» SOURCE RECORDS:
━━━━━━━━
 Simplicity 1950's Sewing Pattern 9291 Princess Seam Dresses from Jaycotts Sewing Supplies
━━━━━━━━
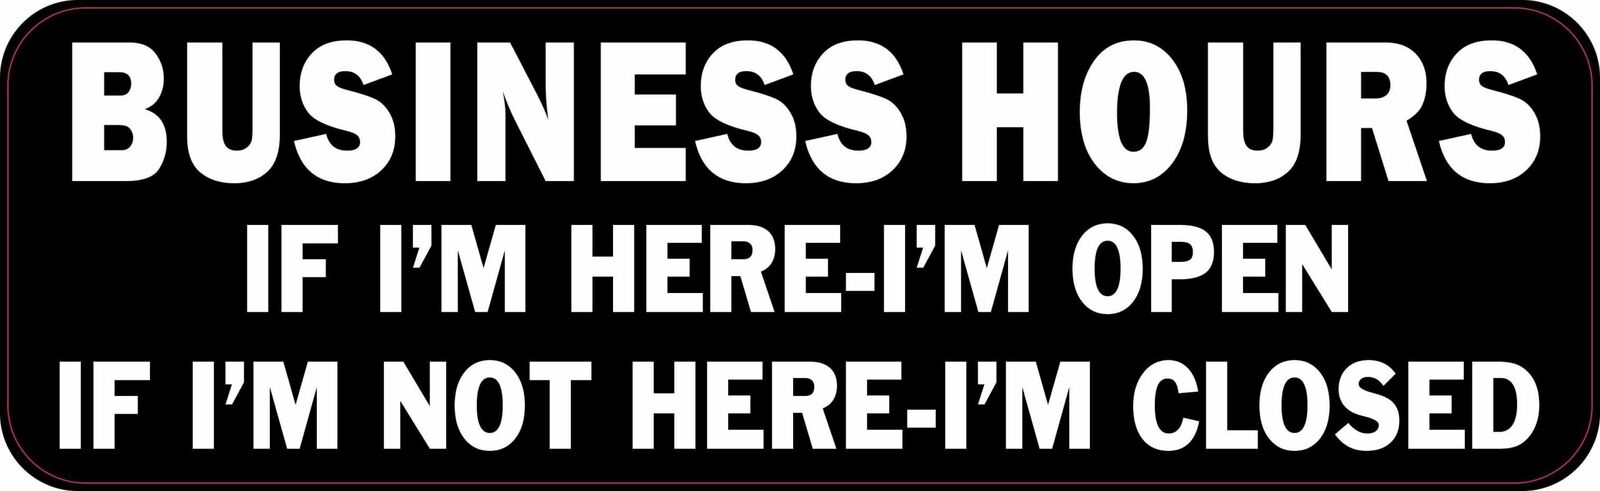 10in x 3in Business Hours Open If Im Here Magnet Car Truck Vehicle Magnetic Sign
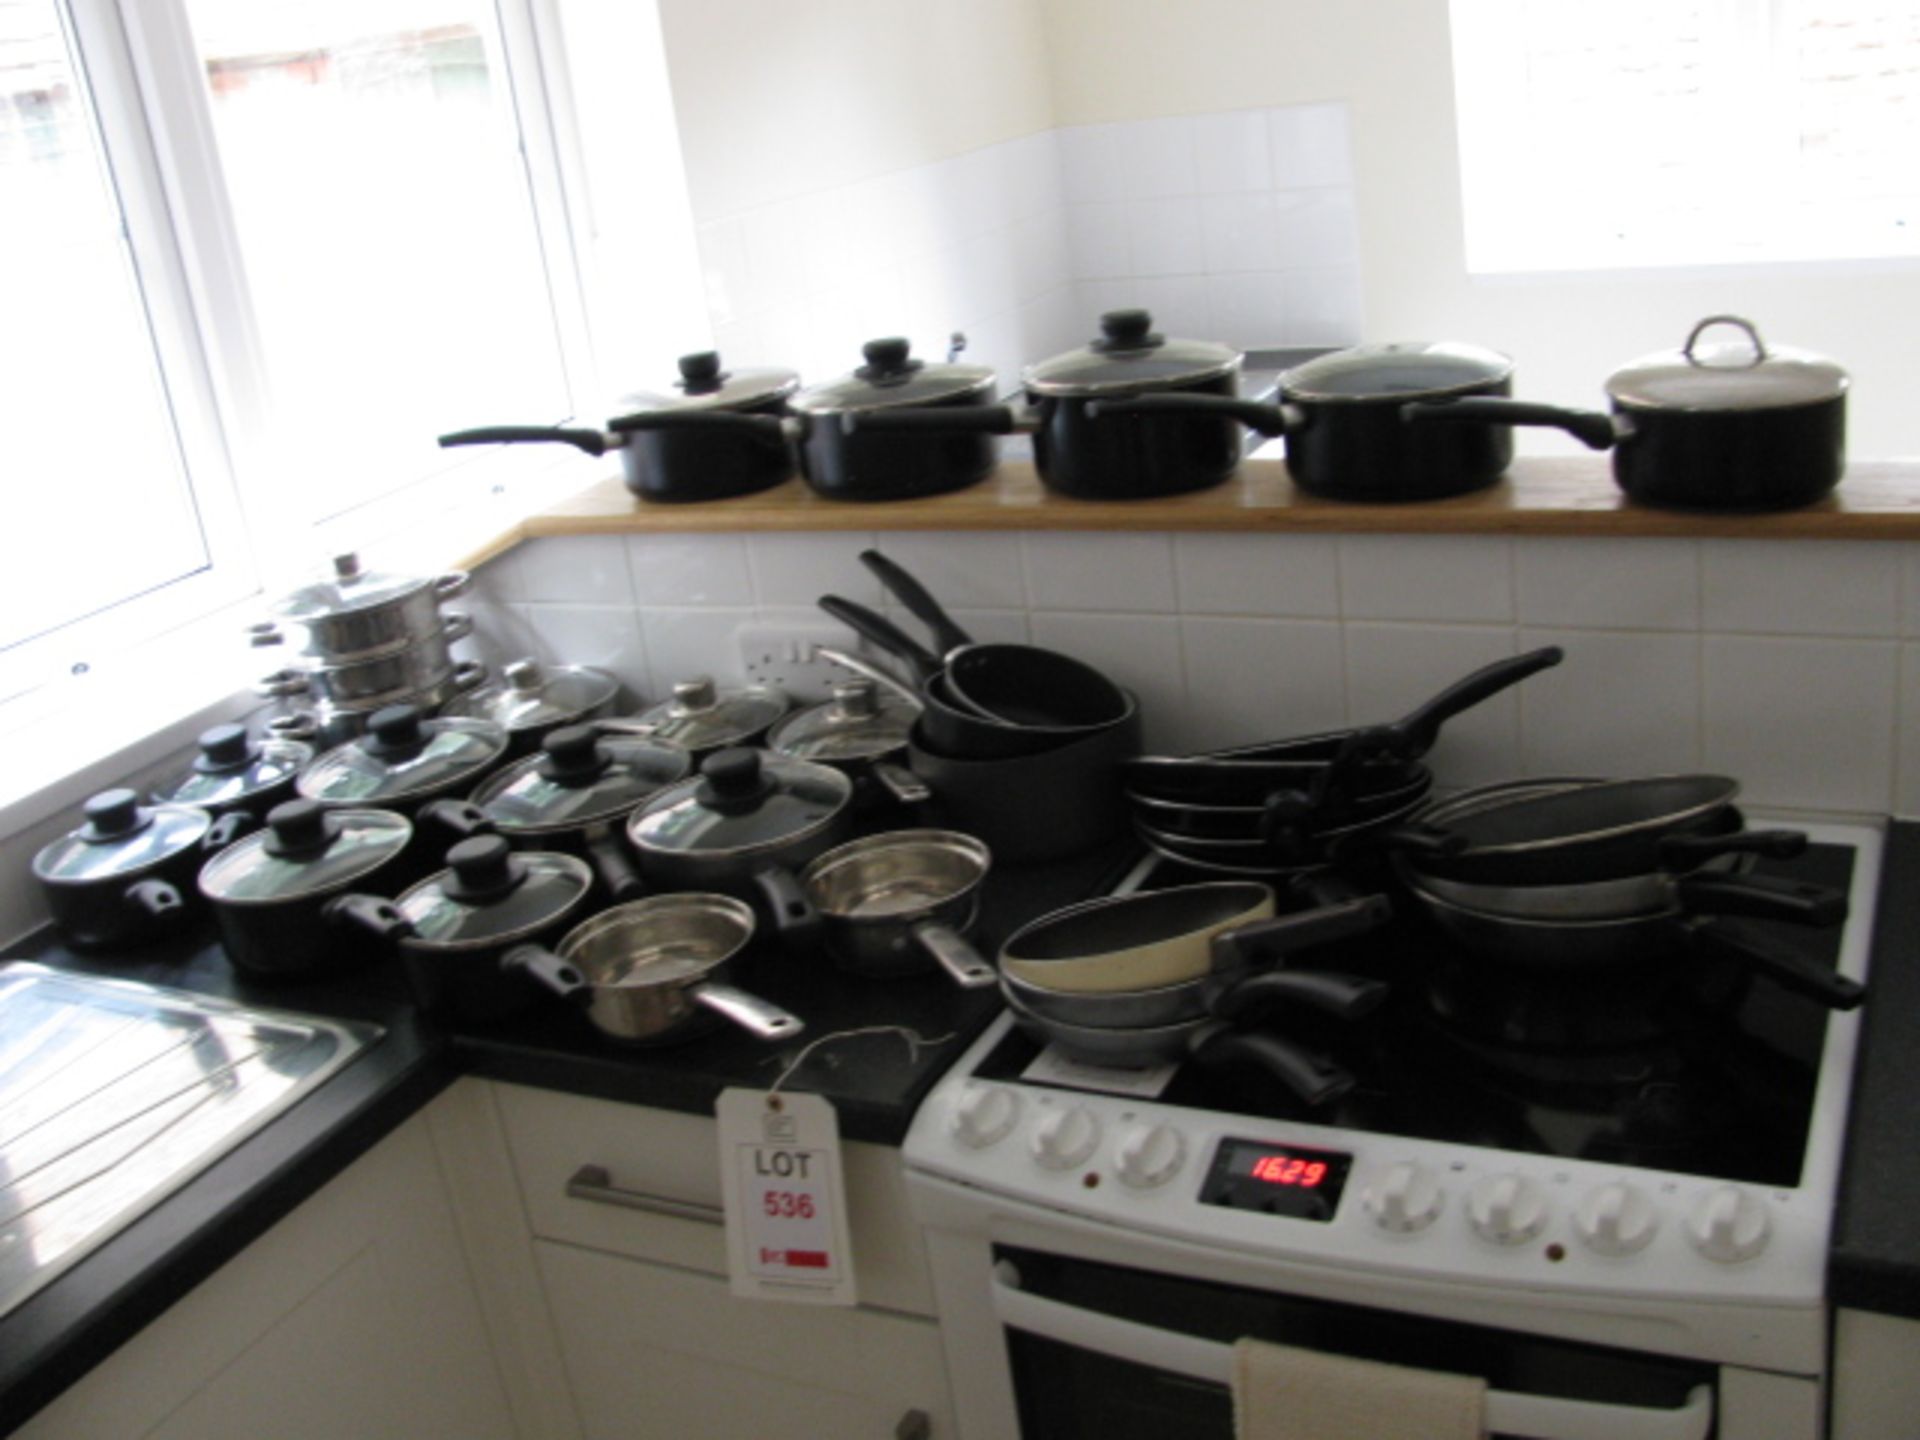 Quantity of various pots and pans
━━━━━━━━
» AIM OF THE EXERCISE:
Please transcribe exactly the part of the records that opens with the line containing "10in x 3in Business" and closes with the line containing "Quantity of various pots and pans", both ends included, and leave out the pictures.

» RESULT BELOW:
 10in x 3in Business Hours Open If Im Here Magnet Car Truck Vehicle Magnetic Sign
 Quantity of various pots and pans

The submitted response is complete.